When my silver solder paste starts to get a bit dry I usually add a few drops of tap water to moisten it up again. Am I doing the wrong thing?

Cheers Phil


----------



## Ulma Doctor (Nov 12, 2014)

Hi Phil,
i don't know what type of flux you are using down under.

I use a boric acid (hydrogen borate)[borax derived] / denatured alcohol mixture.
you add just enough denatured alcohol to dampen the mixture to make the paste.

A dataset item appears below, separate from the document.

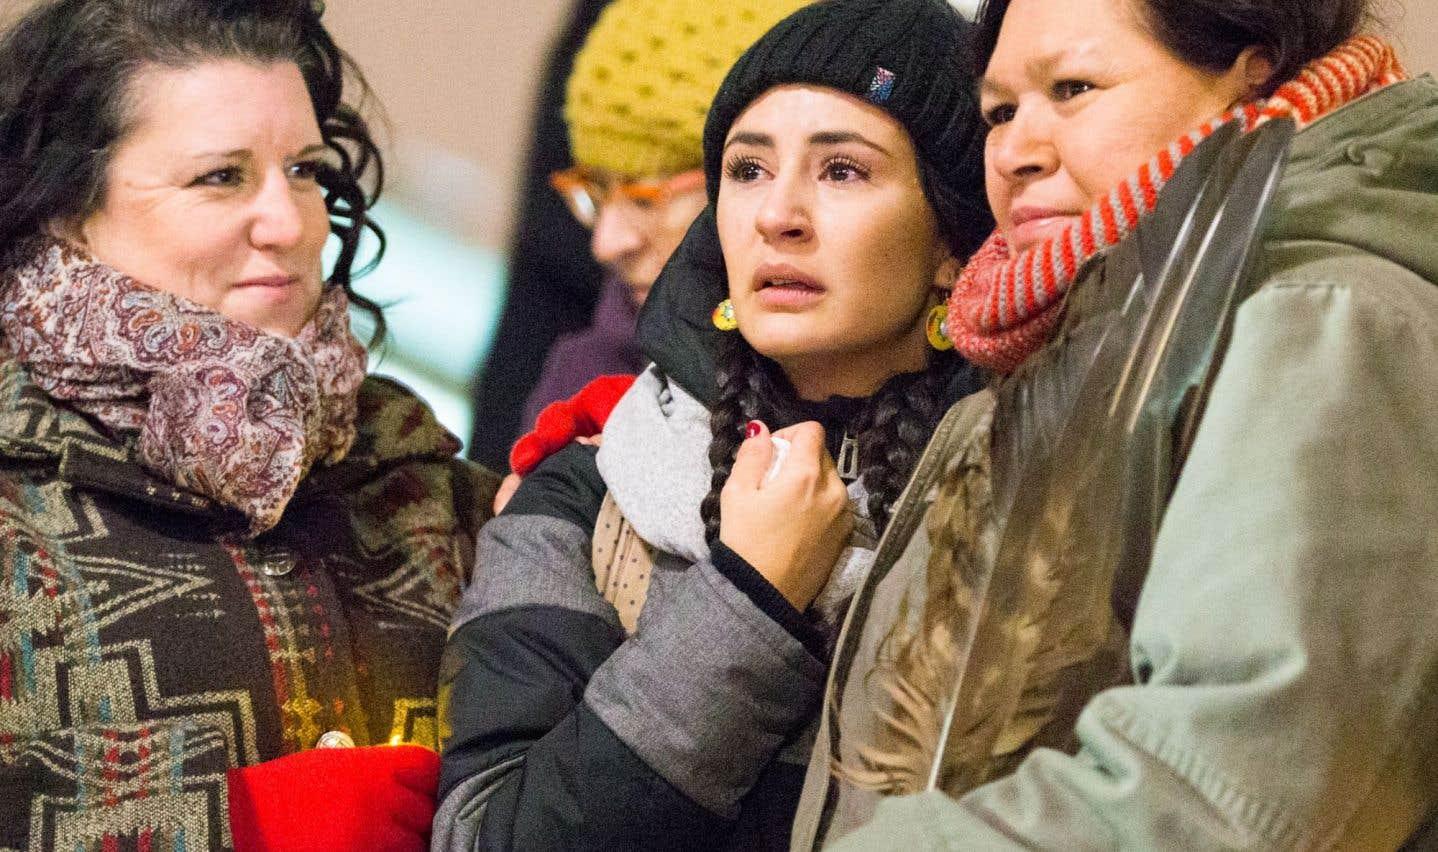 Autochtones: Couillard évoque une commission d'enquête publique

i'm not sure what water does in combination with your flux


----------



## Kevinb71 (Nov 13, 2014)

My Dad did refrigeration work(along with a bunch of other stuff) and would always add a bit of water to his "Harris Stay Silv" flux bottle and then stir it around some. I think he had the same bottle for 15 yrs or so. You might want to use distilled water just to make sure that nothing gets added to the mix that might react with the metals. It worked well for him!


----------



## John Hasler (Nov 13, 2014)

Ulma Doctor said:


> Hi Phil,
> i don't know what type of flux you are using down under.
> 
> I use a boric acid (hydrogen borate)[borax derived] / denatured alcohol mixture.
> ...



If it's boric acid flux water will work fine.  I've got some that says on the package to soften it with water.


----------



## Cobra (Nov 13, 2014)

Used the same bottle of borax flux for silver soldering for years. You can use either alcohol or water. The water stays soft longer, the alcohol evaporates better on the work.


----------



## 12bolts (Nov 13, 2014)

Thanks everybody. Im not sure of the type, (the label has peeled off.............) but its a white paste! Sounds like water should be ok

Cheers Phil


----------



## Mark_f (Nov 13, 2014)

I have a jar of that white silver solder paste and have been renewing it with water for over thirty years. Every great once in a while when I need it , it is all dried up. A little water and like new again. jar looks to hold about a cup. it is about half gone. Going to outlast me that is for sure.

Mark


----------



## oldgoaly (Nov 16, 2014)

Yes water works, been doing it for 25+ years


----------



## Ozwelder (Nov 16, 2014)

12bolts said:


> When my silver solder paste starts to get a bit dry I usually add a few drops of tap water to moisten it up again. Am I doing the wrong thing?
> 
> Cheers Phil



Hi Phil

I have been adding water to mine for years and not noticed any bad effects. I use just enough to achieve original consistency. About that of a heavy cream.


----------